Learning accommodations such as note-takers, teaching assistants and helpful classmates are used by
many students with disabilities to help navigate the classroom or "enhance accessibility through an
environmental or communicative change." "Access needs," on the other hand, are tools and resources
necessary to engage with the world, such as requiring Braille because of blindness or poor vision.
Experts believe that "...institutions can and should 'do better' by making investments in software that
continuously provides alternative, accessible material formats for students with any disabilities."
Unfortunately so far, that has not been the case, with the "pandemic forcing institutions 'to confront
who is expendable.'"

Blind students and those with impaired vision have reached out to The National Federation of the Blind
amid the shift to online learning, relaying their discontent with incompatible learning materials for
screen readers, which read and navigate documents and sometimes transcribe them into Braille.
Students who were once able to listen to readings and follow along during in-person instruction are now
unable to use digital textbooks, which are not compatible with screen readers.

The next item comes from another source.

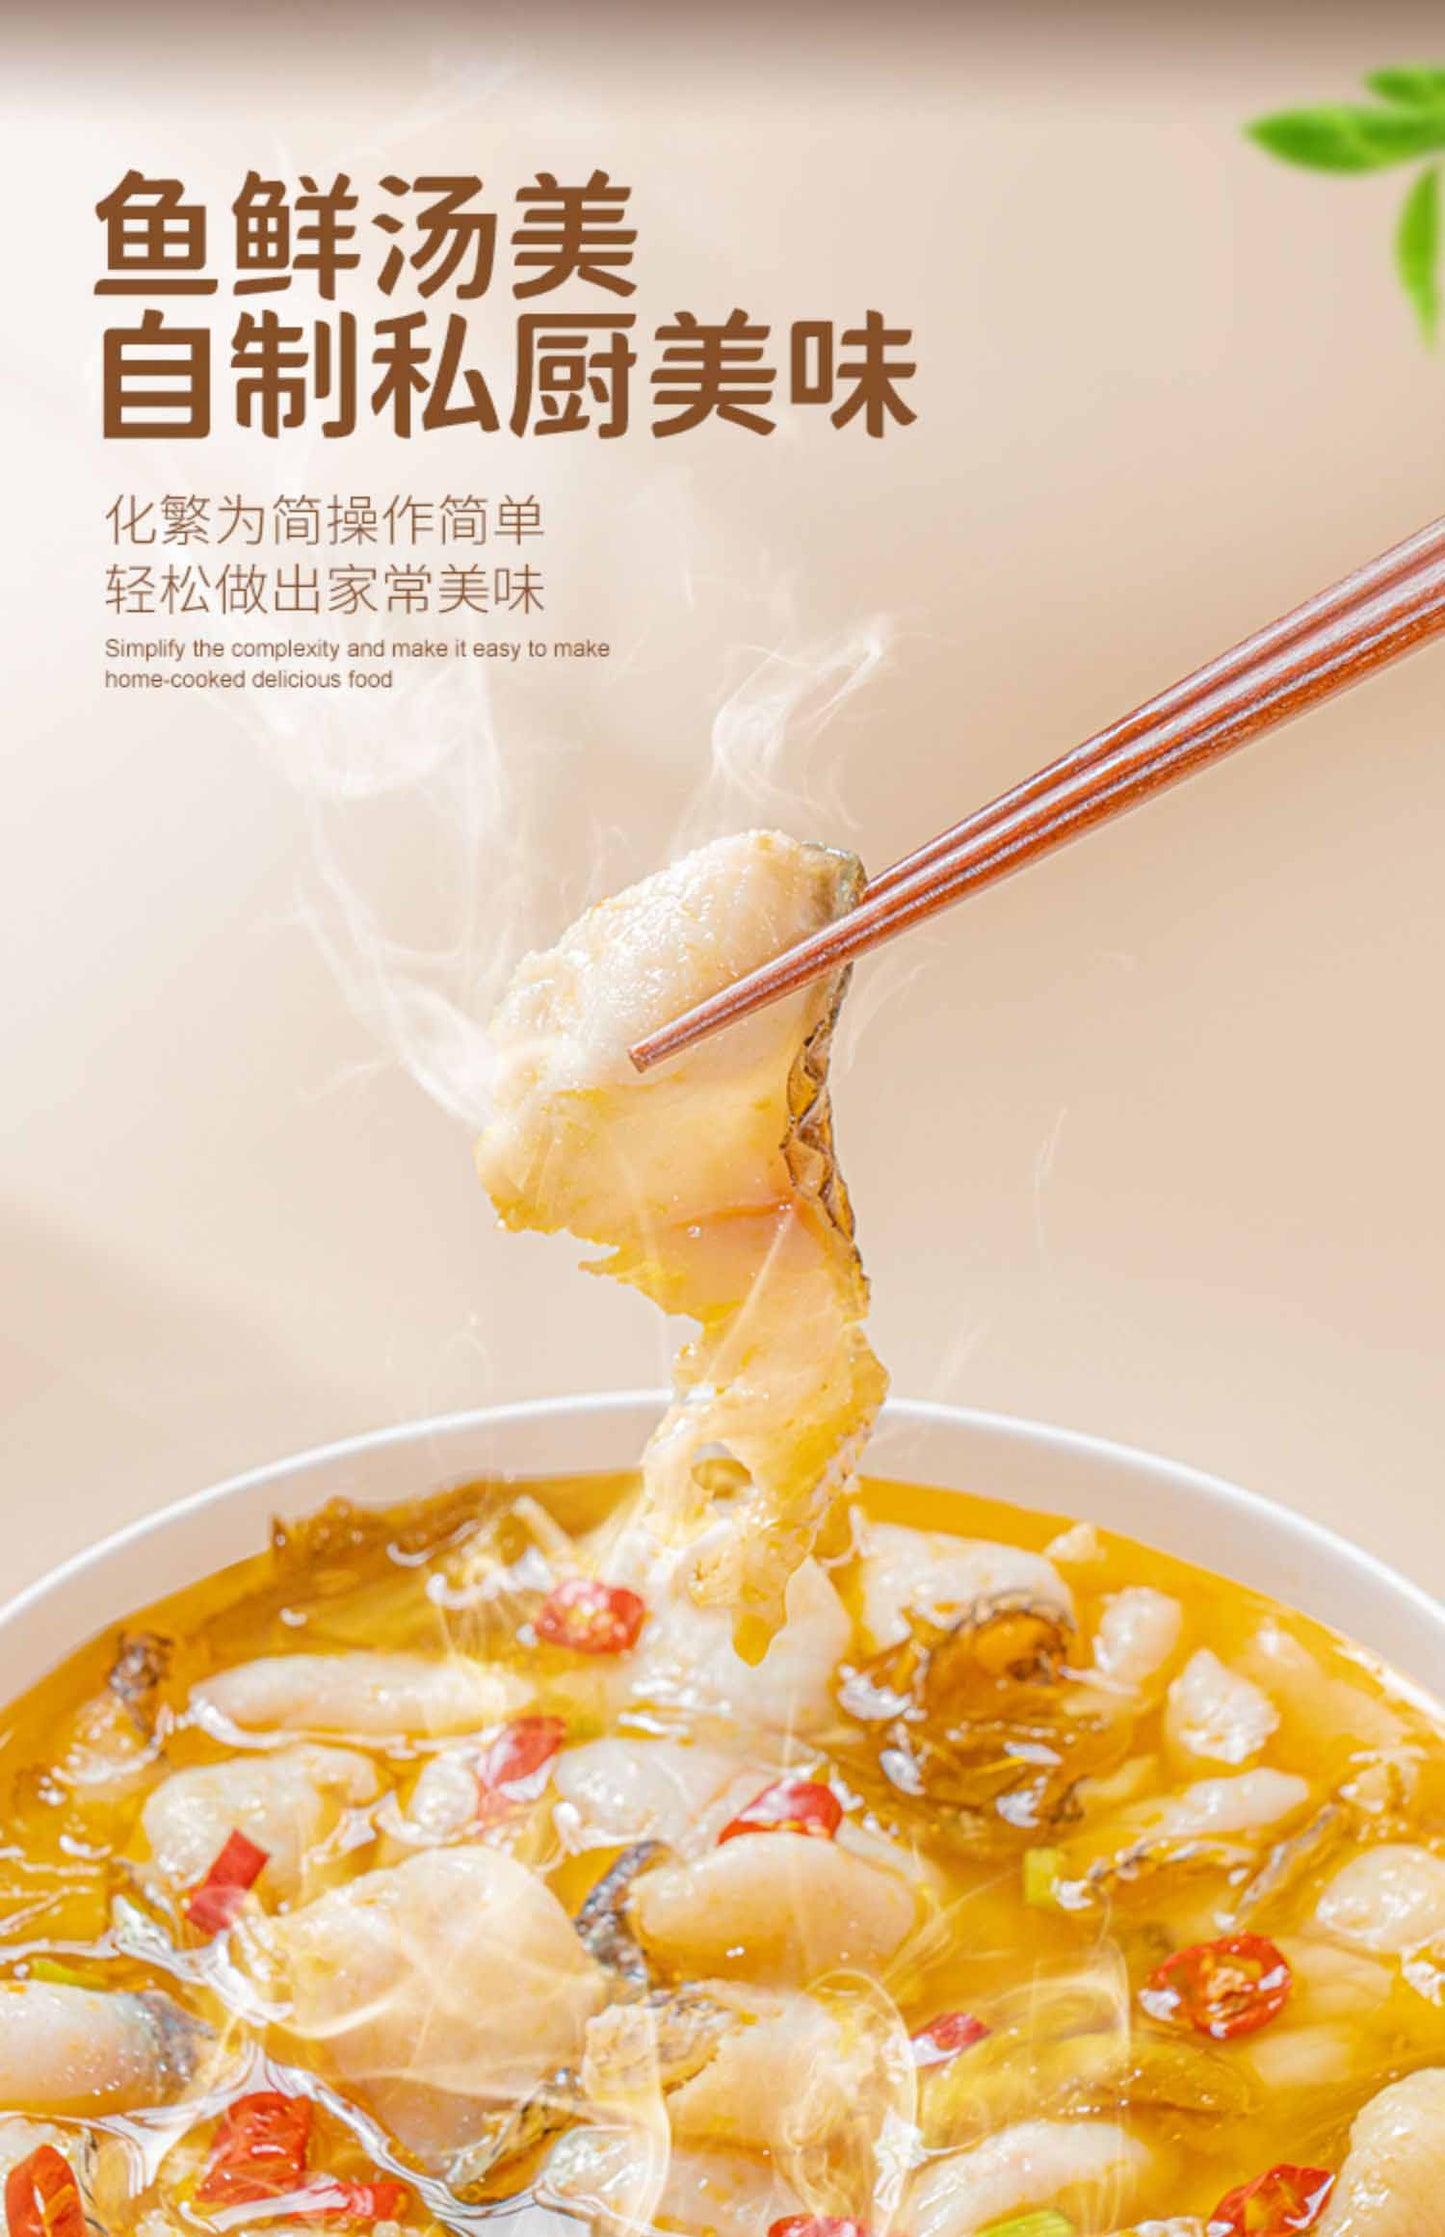 Dezhuang - Lao Tan Sauerkraut Fish Seasoning Original Flavor Hot Pot 350g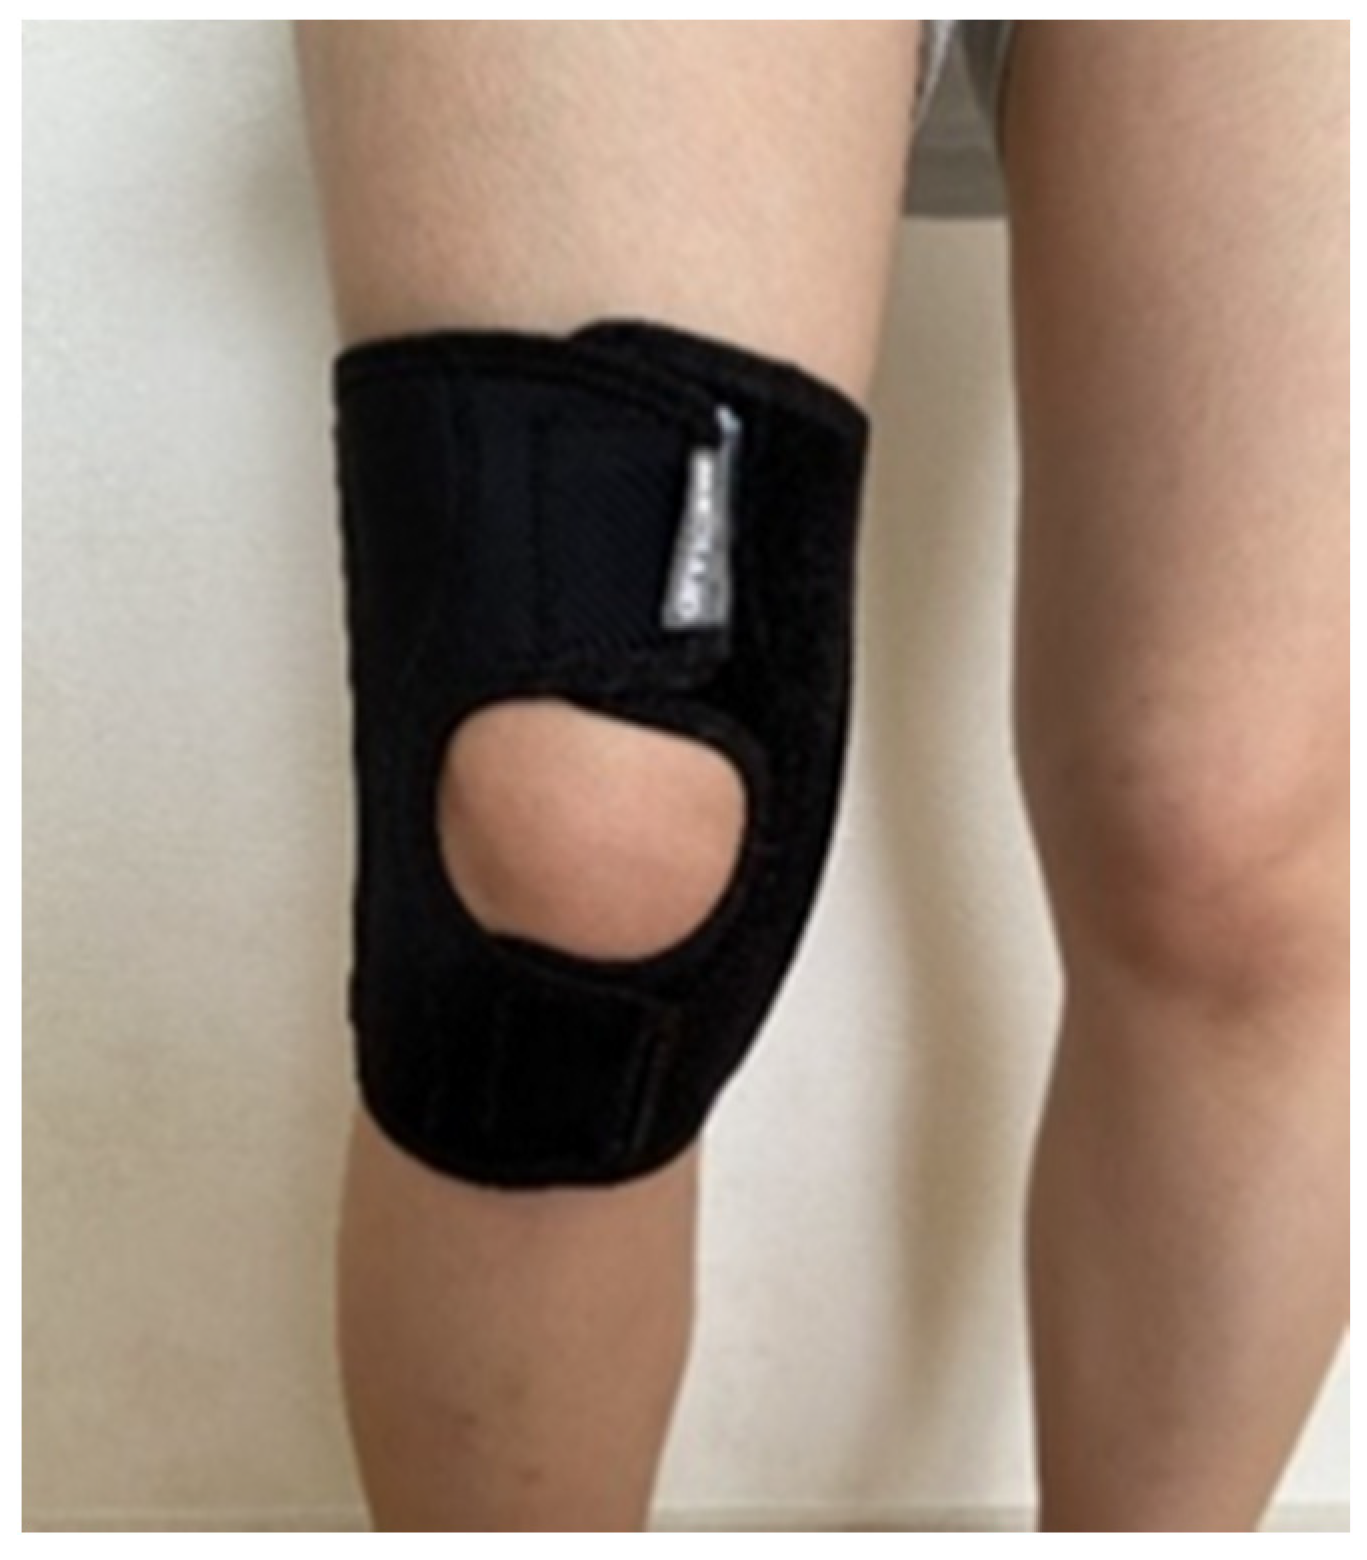 Neoprene Pull On Patella Knee Sleeve with Positive Control Distal

Since professors rely on
such digital textbooks, blind and visually-impaired students feel as though they are falling behind on
their coursework.

Dyslexic students, autistic students, and those with learning disabilities also encounter issues with their
screen readers when they process documents that are images instead of text. For students who have
physical disabilities, navigating images becomes troublesome if they are accustomed to only using
computer keyboards, not mouses.

Deaf and hard-of-hearing students may not have access to American Sign Language interpreters or real-
time captioning for online learning. Real-time captioning contains "transcriptions of speech produced by
a person, not computer-generated," and are what students most likely had access to during in-person
instruction. Computer-generated captioning, on the other hand, is "subpar" to real-time captioning; as
of now, it is the feature provided in Zoom, WebEx and Google Hangout platforms, currently and
popularly used for remote learning. According to experts, whatever resources are provided in the
classroom - in this case, real-time captioning - should be available for remote learning.
Today's students with disabilities, like all other high school and college students, are adjusting to a
different world - having unprecedented experiences in an unprecedented time. Scholarships.com
continues to offer scholarships for students with disabilities during this difficult time so that they may be
financially equipped to pay for college once things return back to normal.